Юлиан Астафьевич обнимал Медведева, целовал руки Анны Андреевны и даже второпях, толкнув нечаянно Трезора, взял его за морду и пренежно сказал: «Извини, душа моя!..»
Макар Петрович, человек добрый от природы, был очень рад счастию знакомого, тем более, что эта свадьба доставляла ему развлечение в скучные осенние дни, когда, как нарочно, ненастье препятствовало ездить на охоту. Он хлопотал об экипажах, о лошадях, созвал своих музыкантов и приказал им повторять увертюры из «Калифа багдадского» и «Двух слепцов» .
– Слушай, жена, – кричал он, – ведь Юлиан Астафьевич наш гость, мы его женим; после свадьбы будет у нас бал; смотри, не ударь лицом в грязь, прикажи наготовить поболее всякой всячины: пирамид, кремов и разной этакой дряни, а я уж потревожу свой погреб – кутить так кутить!.. О чем ты, Юлиан Астафьевич, опять загрустил?
– Знаете ли что? – сказал Юлиан Астафьевич, взял тихонько Медведева за полу венгерки и, отведя его к окну, повторил вполголоса: – Знаете ли что?
– Ровно, братец, ничего не знаю.
– Не кричите так.
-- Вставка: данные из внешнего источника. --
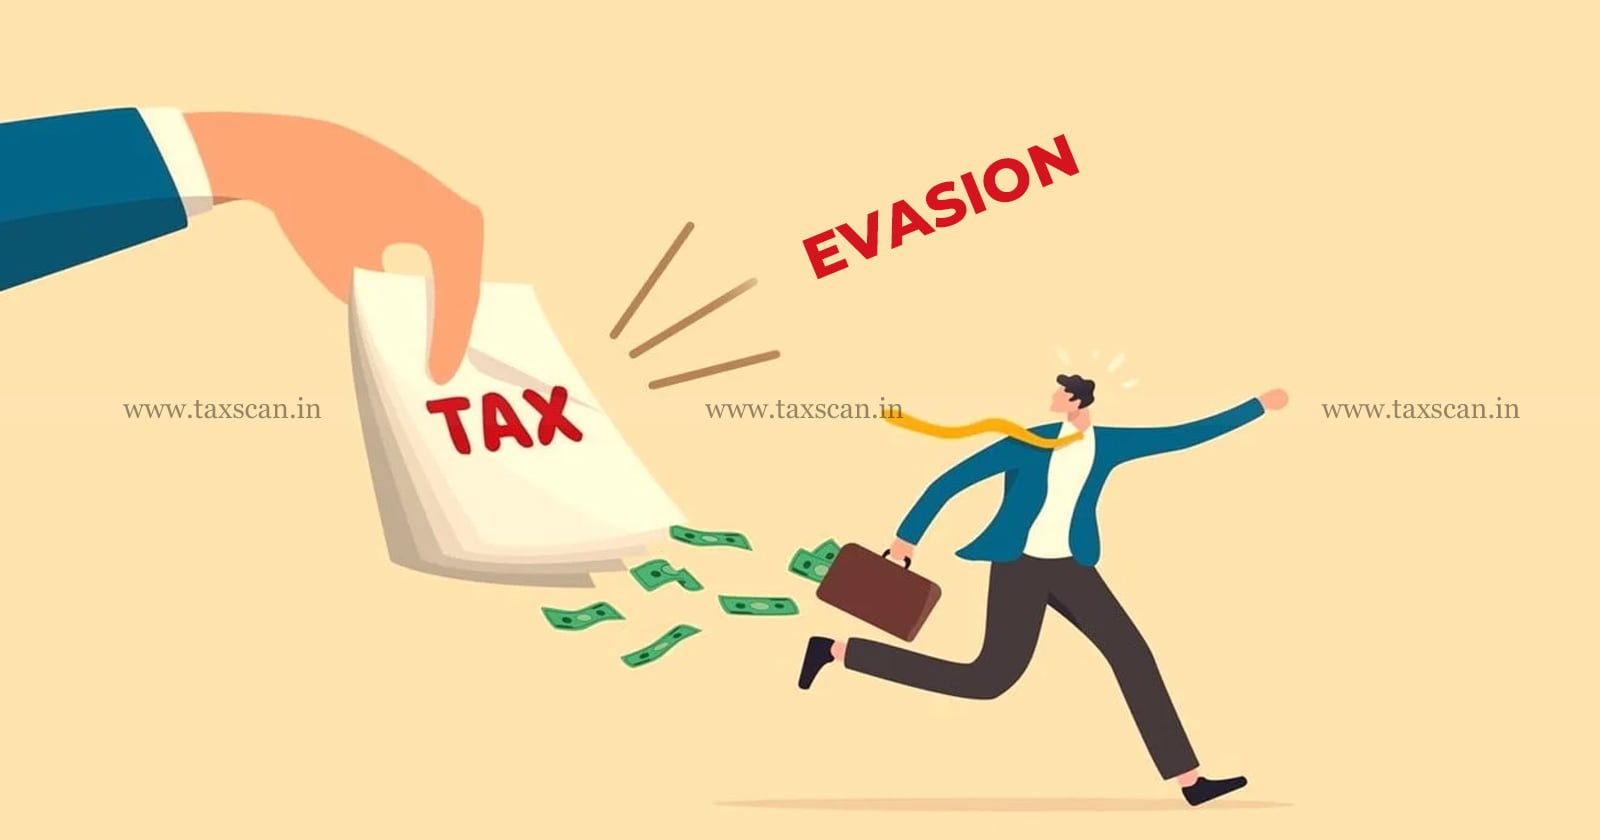 utilization of amount - ER Returns - CESTAT - Service Tax demand - Evade Tax - Evasion of tax - Customs - Excise - Service Tax - Taxscan

Мне кажется, что нам не следует венчаться так скоро.
– А почему?
– Да так, видите, мне невозможно.
– Это что значит? – сказал Медведев, прищуривая левый глаз. – Понимаю, какие-нибудь шашни.
– Нет, нет, нет, боже сохрани! Не думайте, чтоб я что-нибудь такое или этакое – нет!
– Так что ж?
– А вот, видите, я выехал из П-вы налегке, со мной нет приличного платья.
– Вздор, братец! Есть о чем думать! Сегодня же пошлю человека на всю ночь, и завтра к вечеру все здесь будет.
– К чему посылать? Это лишнее беспокойство, лучше я сам съезжу и через неделю-другую явлюсь.
– Пустое, тебя-то не пущу! Эй, кто там? Человек!
– Не делайте шуму и не посылайте, потому что я не знаю хорошенько, отдал ли мой приятель немного переделать мой фрак; сукно отличное; сам платил по 18 р. за аршин, да фасон некрасив; если привезут не переделанный, то еще хуже!..
– Прямо сказать: у тебя нет фрака вовсе; давно бы так и говорил! Не беспокойся: у меня целая дюжина этих дурацких фраков, выбирай любой. Да, кажется, у тебя нет ни белья, ни прочего? Полно краснеть, прикажи Петрушке приготовить что нужно из моего гардероба. Не к чему скромничать! Эх, странный народ, эти господа статские!..
Примітки
…Мне завещал отец, – епіграфом до другого розділу повісті взято рядки з комедії О. С Грибоедова «Горе от ума» (дія IV, ява II). Рядком крапок Гребінка позначив репліку Чацького: «Подлец!»
Из П-вы… в П-в… – очевидно, з Полтави в Переяслав.
…в Олонецкой губернии свои виноградники… – Йдеться про одну з північних губерній Росії, розташовану на Карельському півострові, де виноград, звичайно, рости не міг. Це іронією зветься.
Торжок – повітове місто Тверської губернії.
Фернамбук – назва утворена від бразільського штата Пернамбуку.
Чурбинский – чи не натяк на когось із Чубинських, дворян у Переяславському повіті?
…увертюры из «Калифа багдадского»… – Йдеться про оперу (згодом перероблену і в балет) французького композитора Андрієна Буальдьє (1775 – 1834).
…из… «Двух слепцов…» – Йдеться про оперу-водевіль французького композитора Етьєна Нікола Мегюля (1763 – 1817).